Kulkas merupakan salah satu barang elektronik yang sangat dibutuhkan dalam kehidupan manusia. Fungsinya adalah mendinginkan bahan makanan, buah, dan sayuran. Selama ini kita tahu bahwa kulkas memerlukan energi listrik untuk tetap menyala.

Namun dua orang siswi asal SMA Negeri 2 Sekayu, Sumatera Selatan, berhasil menciptakan sesuatu yang baru dan unik. Keduanya menciptakan kulkas tanpa listrik dan tanpa freon. Kulkas tersebut berhasil memukau hingga ke Amerika Serikat.

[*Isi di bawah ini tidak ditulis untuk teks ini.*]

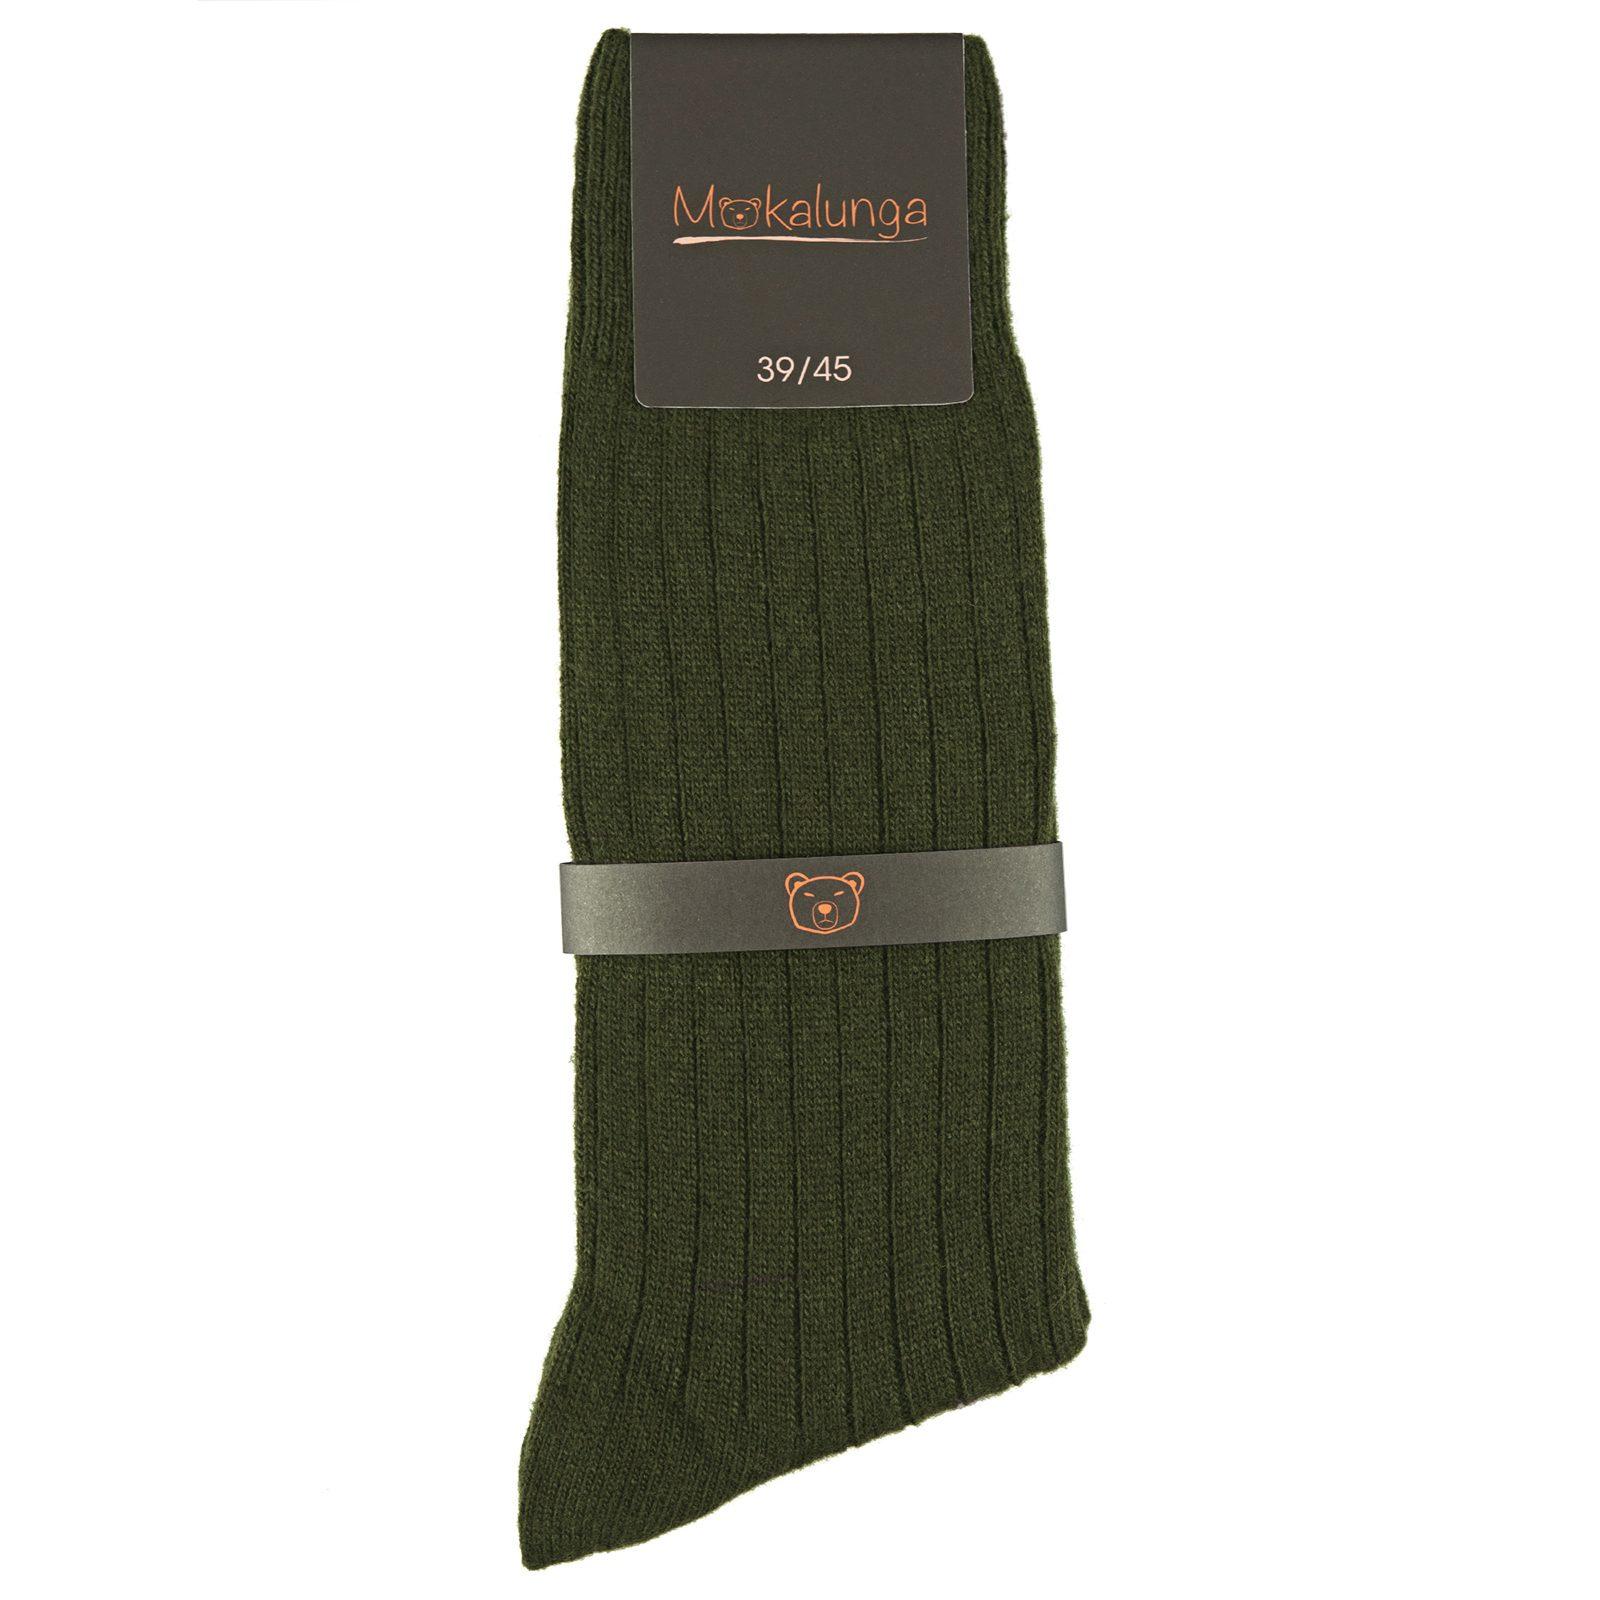 http://lookbook.allee-du-foulard.fr/wp-content/uploads/2018/11/CH-00237-B16-chaussettes-homme-laine-cachemire-kaki-1600x1600.jpg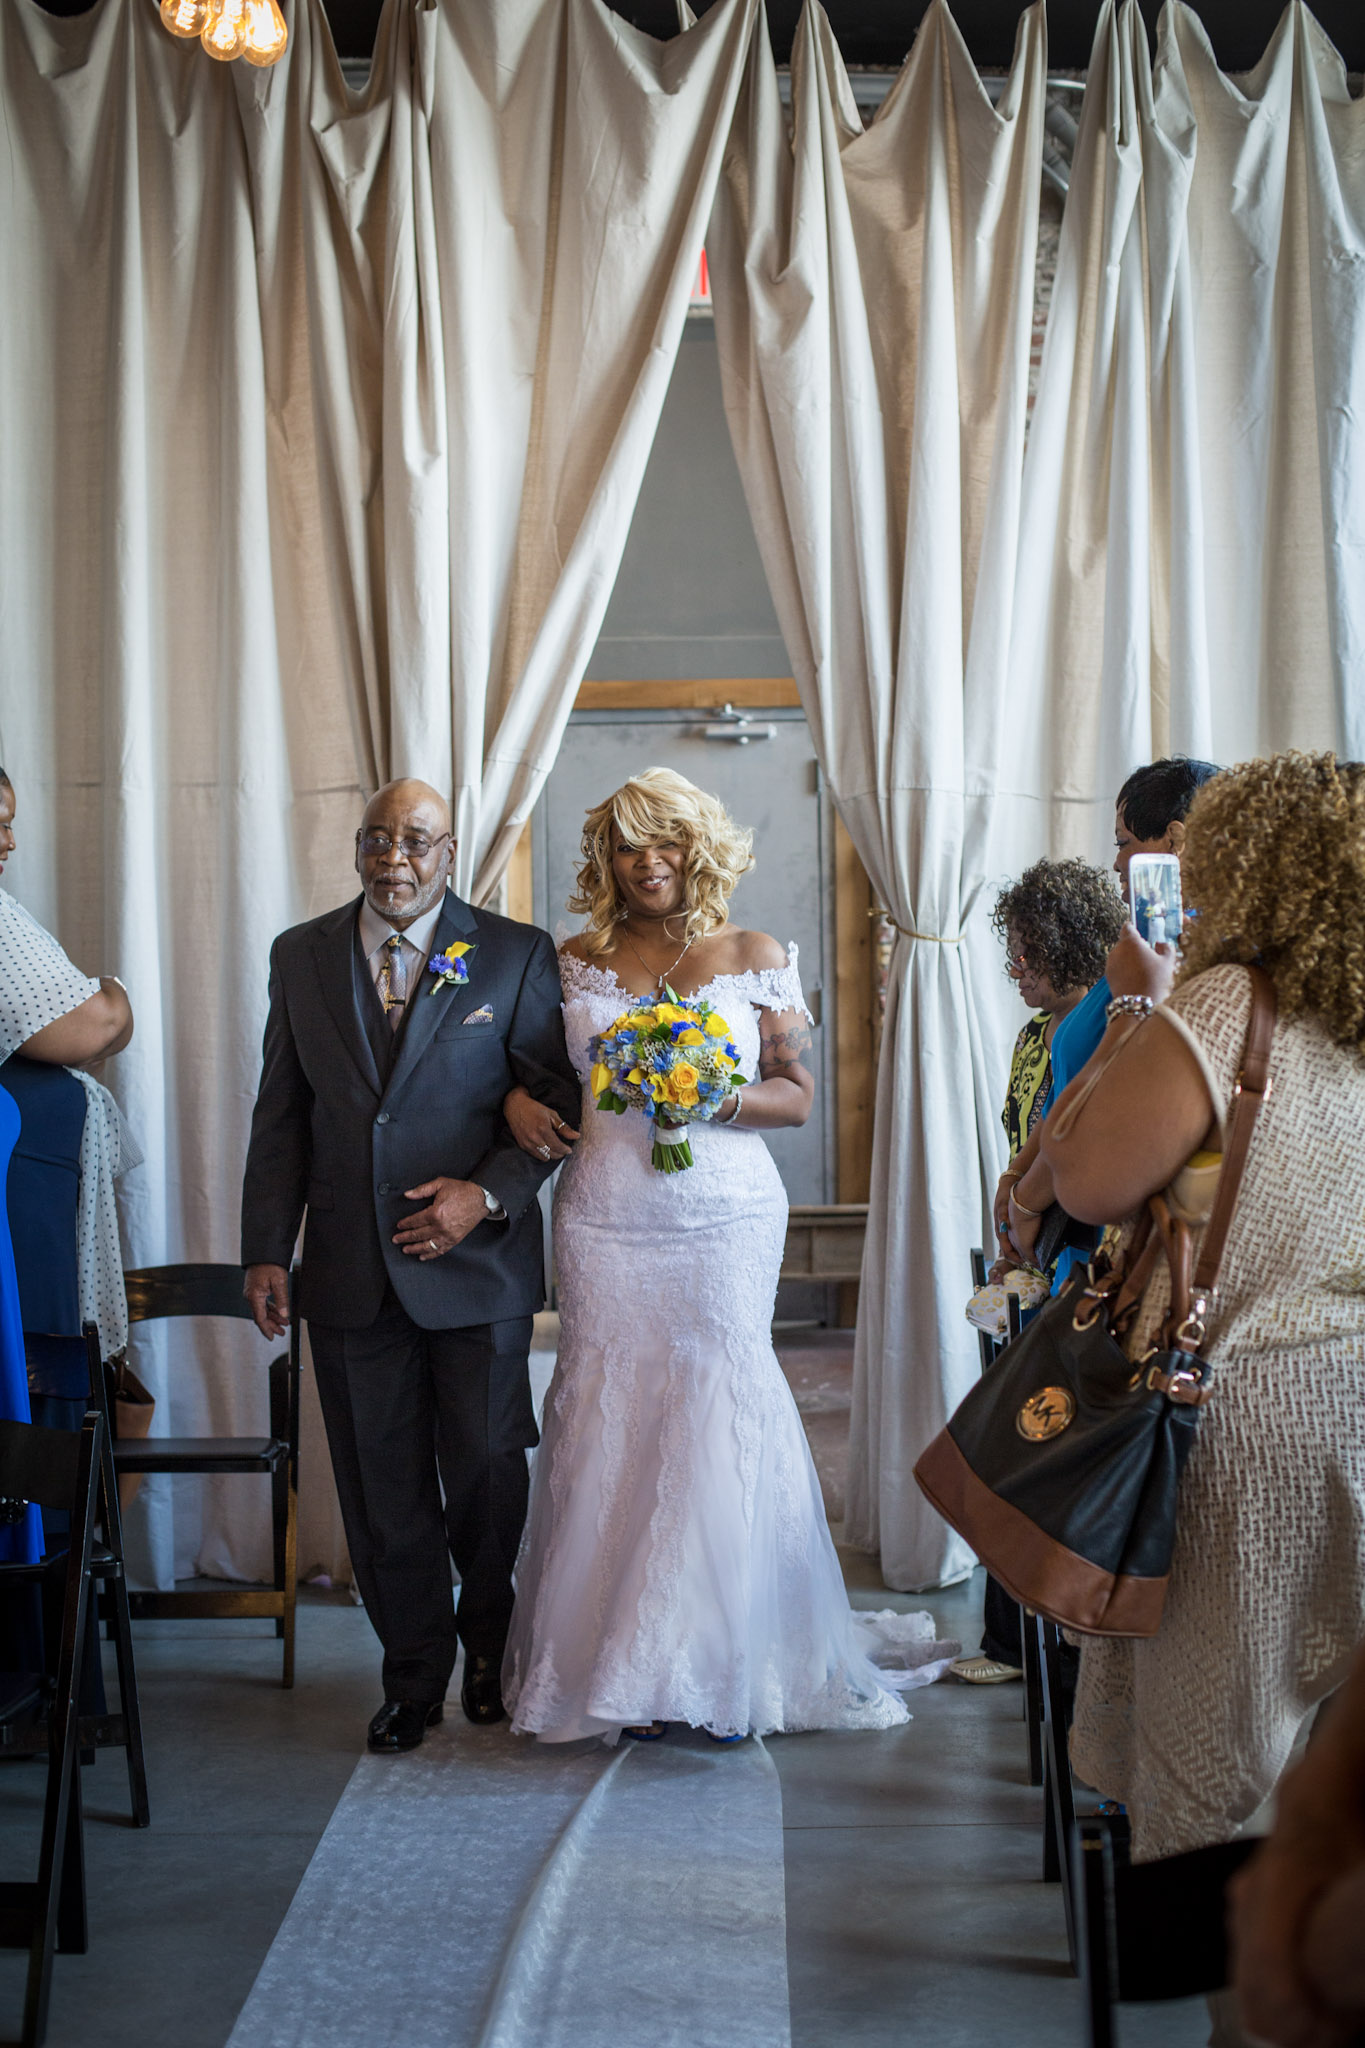 The_Vow_Exchange_Kansas_City_Small_Budget_Wedding_Venue_Mico&Daniel-060.jpg

Dikutip dari kemdiknas (Senin, 29/12/2014), siswi berprestasi tersebut yakni Muhtaza Azziya Safiq (Moza) dan Anjani Rahma Putri (Jani) berhasil dua penghargaan sekaligus di ajang Intel International Science and Engineering Fair (Intel ISEF) 2014 di Los Angeles, Amerika Serikat.

Moza dan Jani
Moza dan Jani

Jani dan Moza meraih penghargaan dalam kategori Engineering, Materials, & Bioengineering dan The Development Focus berkat karya merea yang menakjubkan yang diberi nama Green Refrigant Box (kulkas tanpa listrik dan tanpa freon). Keduanya berhasil menemukan ide ini karena sebelumnya mengadakan kunjungan ke petani buah dan pasar tradisional yang ada di daerah asalnya.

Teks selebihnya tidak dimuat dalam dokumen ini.